Material for this exercise
※ ※ ※

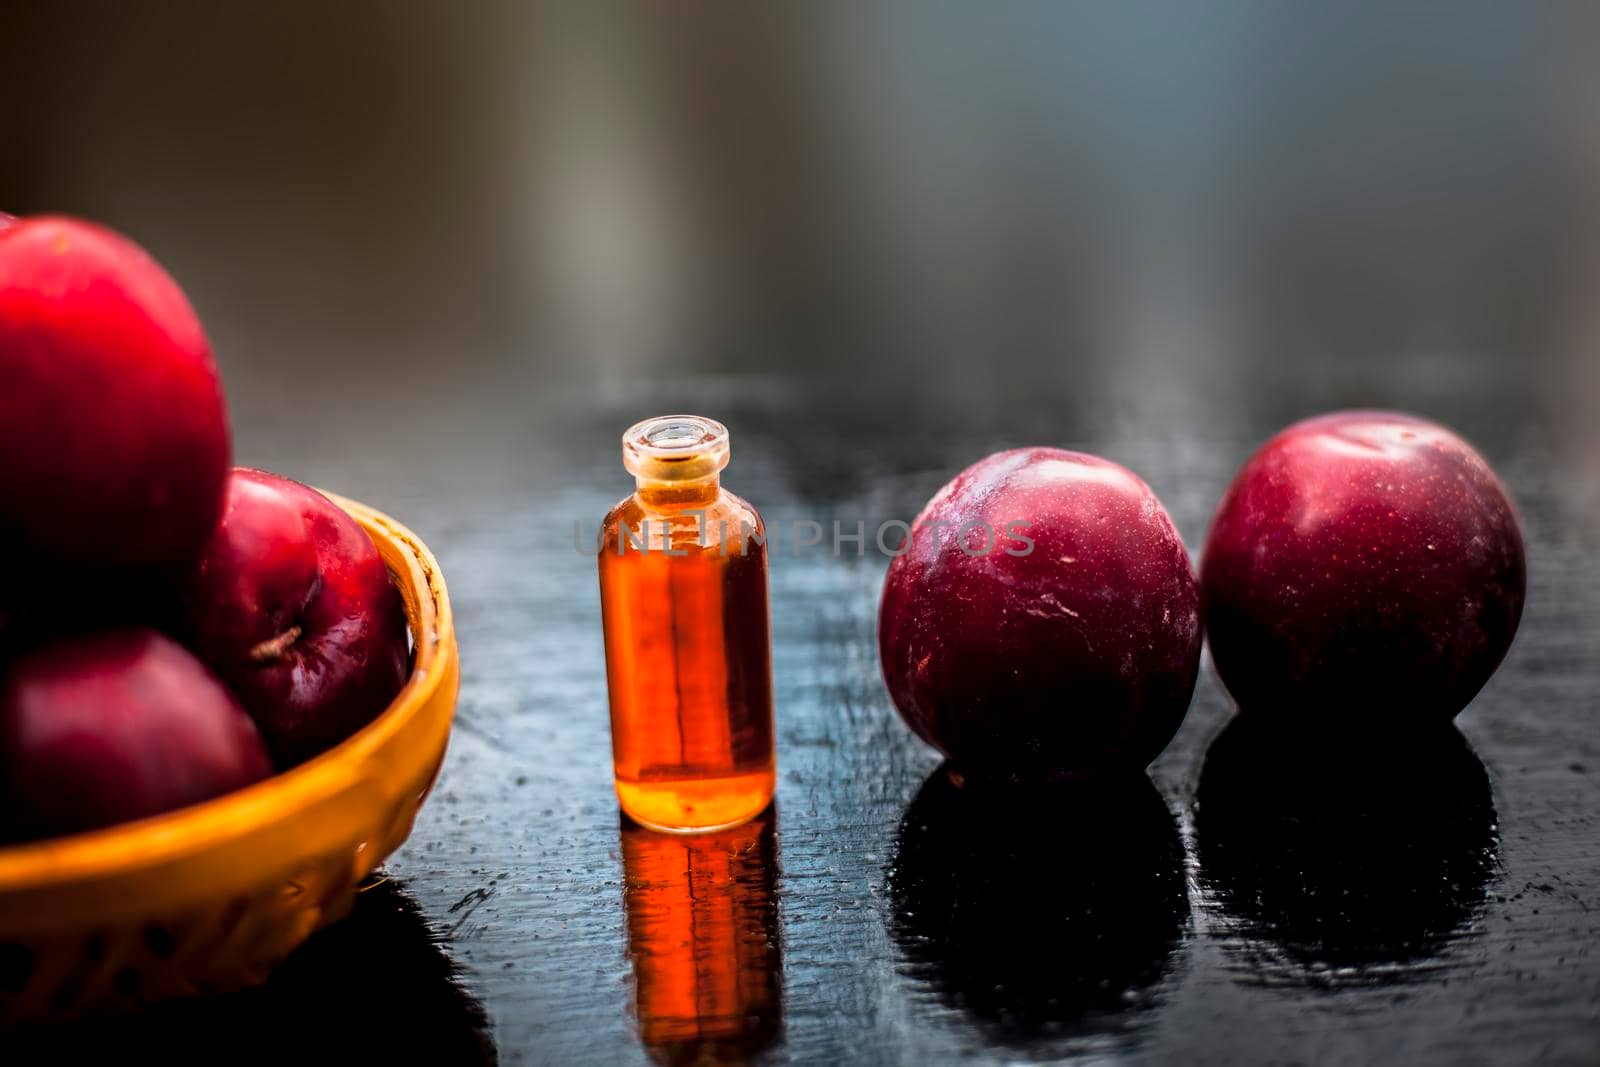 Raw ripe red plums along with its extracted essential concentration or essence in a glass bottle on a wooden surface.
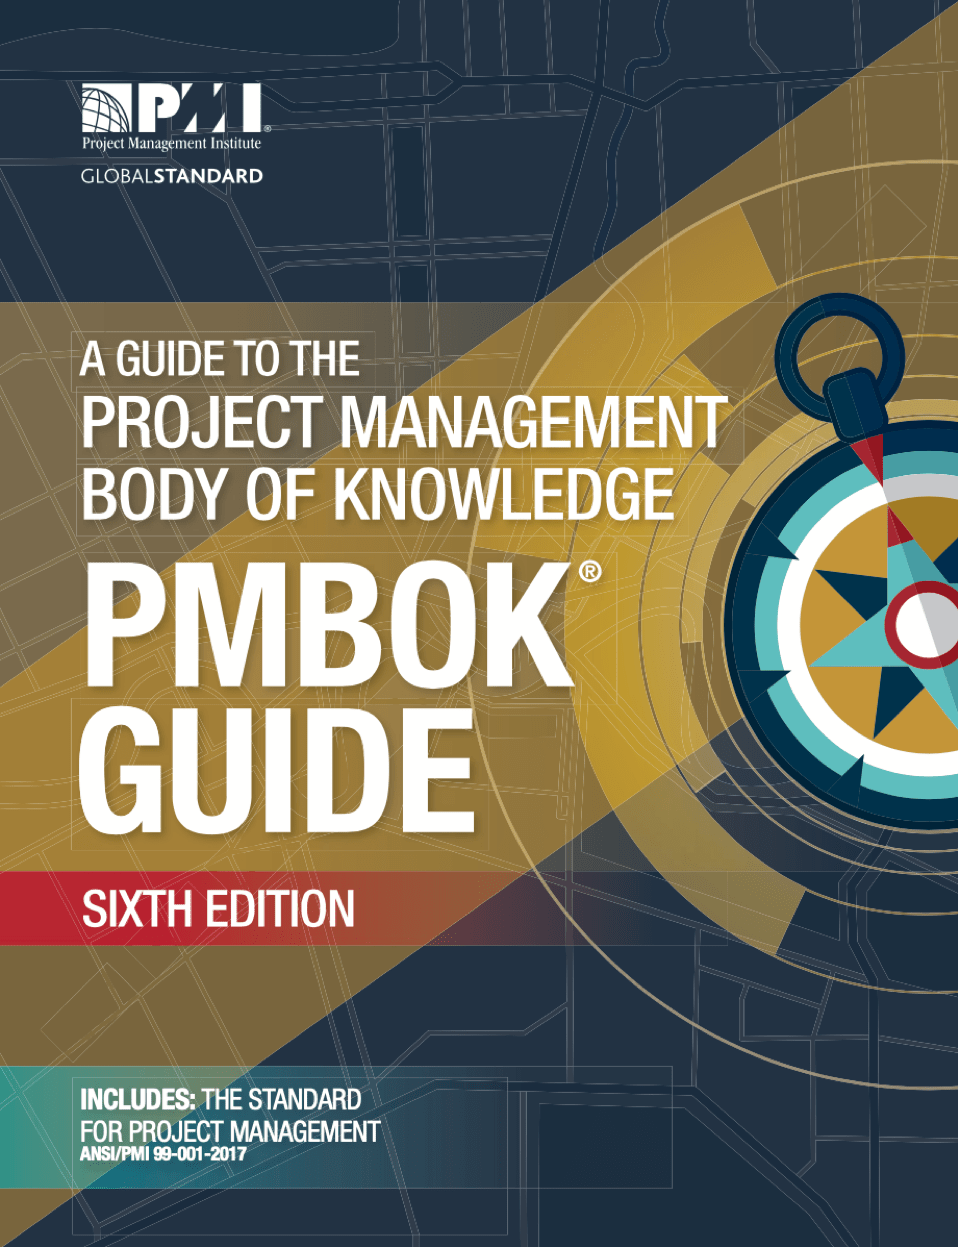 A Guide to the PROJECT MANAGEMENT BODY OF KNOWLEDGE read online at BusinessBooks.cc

※ ※ ※

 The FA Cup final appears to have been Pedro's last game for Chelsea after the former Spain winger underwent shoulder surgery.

※ ※ ※

Take only the lines above from the one that has "Raw ripe red" through the one that has "A Guide to the" and reproduce them exactly, omitting any pictures.

The completed task
 Raw ripe red plums along with its extracted essential concentration or essence in a glass bottle on a wooden surface.
 A Guide to the PROJECT MANAGEMENT BODY OF KNOWLEDGE read online at BusinessBooks.cc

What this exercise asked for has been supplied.